So your food is important, not only that it’s clean but also that it doesn’t have a high sugar content because that leads into that first hormone, which is insulin. So it all starts with insulin balance. Why? Because insulin helps to balance your blood sugar and is unbalanced by unhealthy intake of sugars and it, in turn, affects your cortisol and your cortisol will be unbalanced if your insulin is unbalanced and it will unbalance your DHEA, your thyroid, your estrogen, progesterone, testosterone.
So, it just goes down the line. Your hormones are like a symphony playing music and if one violin is off and that’s insulin, then it makes all the other instruments go off or it’s like a mobile. I used to have this mobile over my office at my desk and it had all these different moving parts. You push one part, and that’s insulin, so the biggest input into our biology is what we eat and if you’re eating an insulin unbalancing diet, all the other hormones move just like on a mobile. So you have to start with that first input, which is insulin, so you’ve got to cut the sugars out.

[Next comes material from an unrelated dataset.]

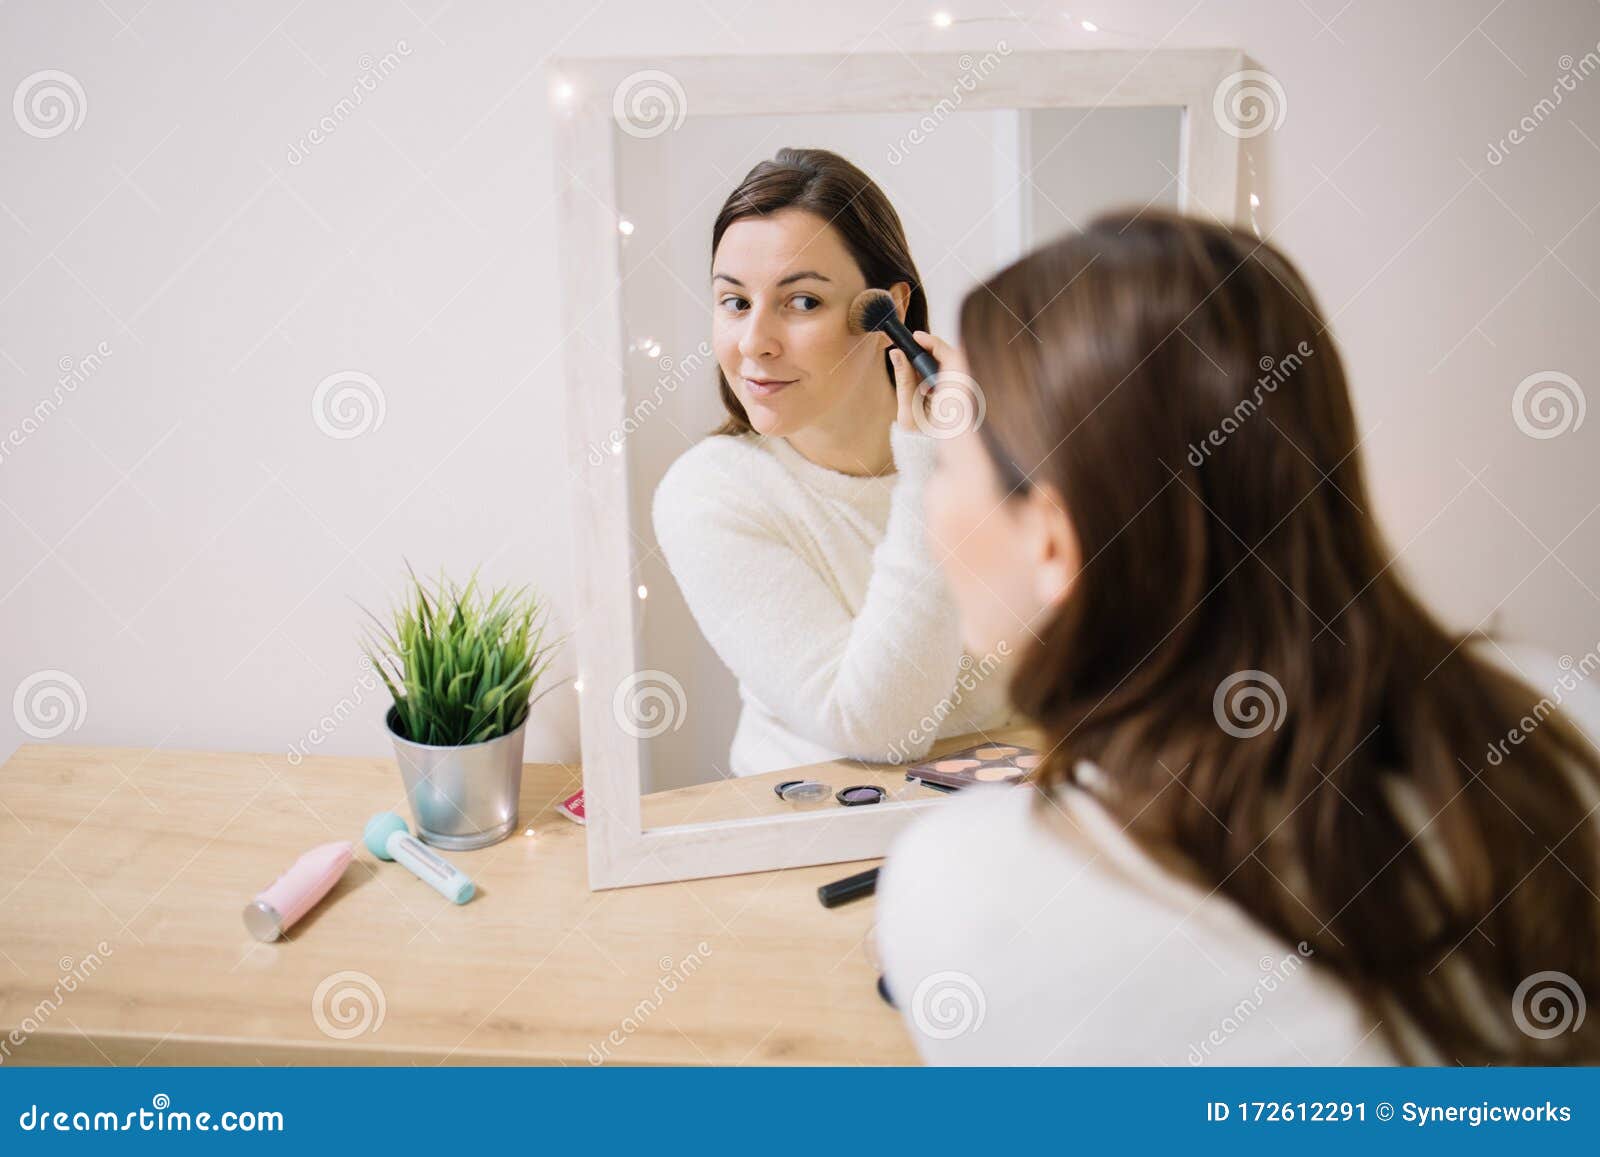 mirrored image of a girl blushing her cheekbone

And again, I’m a fan of testing, not guessing. Where are you starting with your insulin? How much support do you need? How radical do you need to be in terms of cutting out the sugars? We’re all on the internet looking for the one thing, what’s the one diet we all have to follow to have balanced hormones? It doesn’t work like that. We’re all so unique. You have to figure out what’s right for you. And so a certain degree of keto diet might not be healthy for you but it might be healthy for someone else. So I’m a big fan of testing, not guessing. So it starts with insulin.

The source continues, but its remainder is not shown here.